This past year (2019) was probably the most intense and hardest year for me personally. The nine years before was hectic and always busy, but this past year was a different crazy. I had entered a place of Wilderness. I was preparing to leave a job that had been a part of my identity for almost a decade. My babies were growing into young men and my role in their life had begun to shift, especially with our teenager. I couldn't feel God, but I continued to seek Him. I began a new job as a substitute teacher that left me feeling insecure and sometimes incompetent. I was learning how to worship in the same place that had been my job, which was way more complicated than I had ever expected. Nothing about the year felt secure.

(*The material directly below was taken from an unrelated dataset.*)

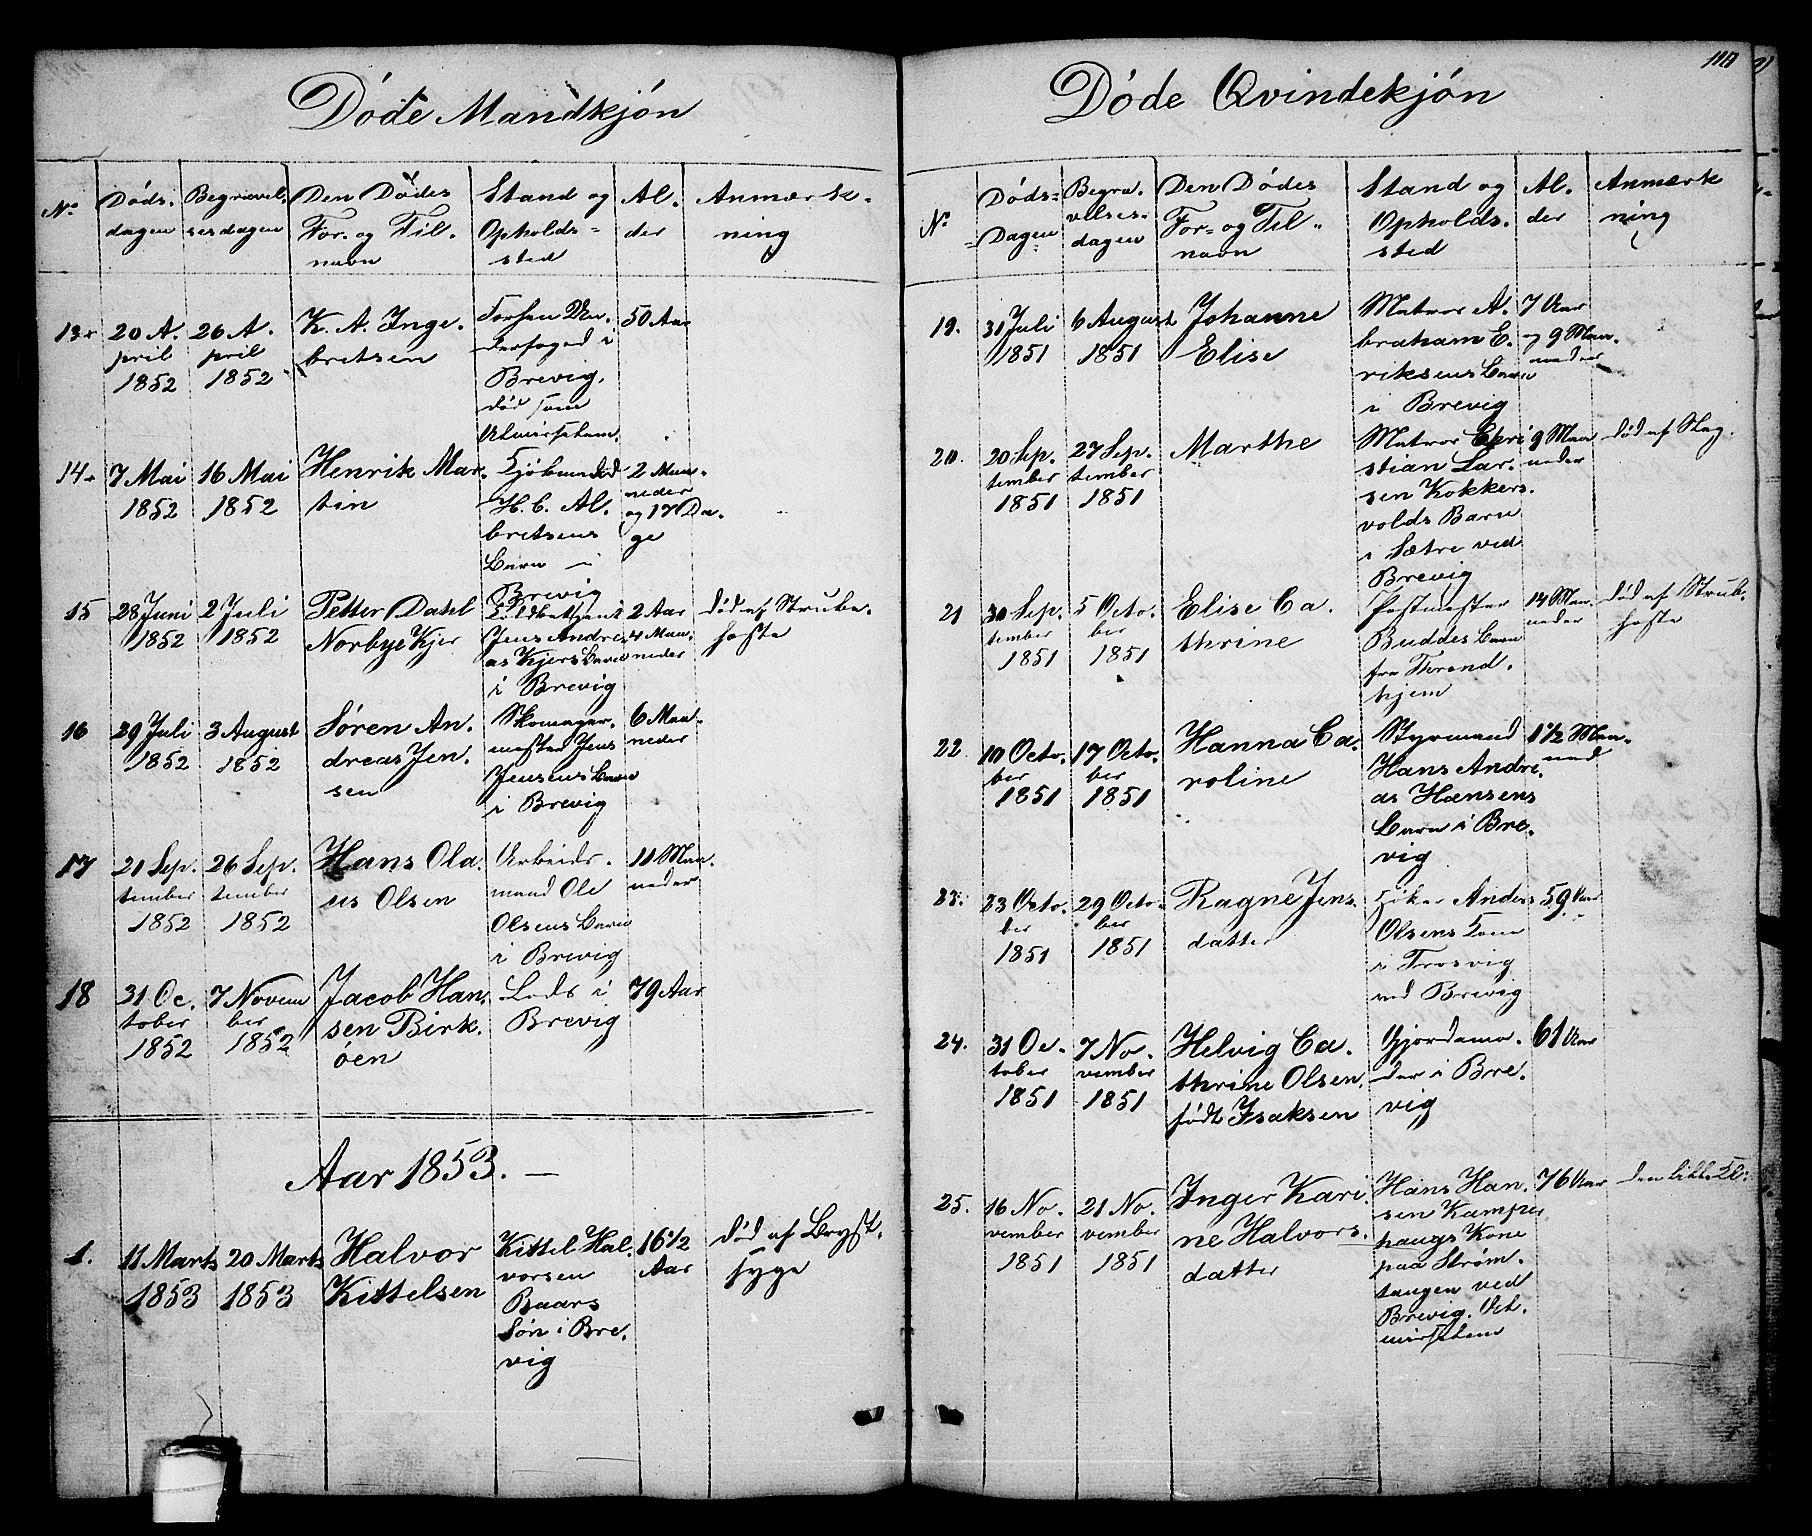 SAKO, Brevik kirkebøker, G/Ga/L0002: Klokkerbok nr. 2, 1846-1865, s. 110

The path is not always clear.

But something changed in late November/early December... I had found that life felt less complicated, less hard. I could hear God's voice again. I could feel a sense of direction. There was peace in my heart for the first time in a while. I began to see that I didn't need to know what was coming next and that I could be happy with what IS. Worshiping became easier, became more comfortable. And, I learned to embrace the changes in my role as Mama for my ever changing boys.
I hated the time of wilderness. I hated feeling lost. I hated feeling far from God. But I am so grateful for it. 2019 became the year that made the whole decade make sense. It pulled all of the great things, the bad things, the crazy things together. And the journey of finding myself came to fruition. 

2020 will be a year of enjoyment. It will be a year to embrace who I am, where I am. It will be a year of seeing all the little ways God touches my life. I am excited to spend more time in nature with my camera, more time getting to know my boys (young men), and more time connecting with God.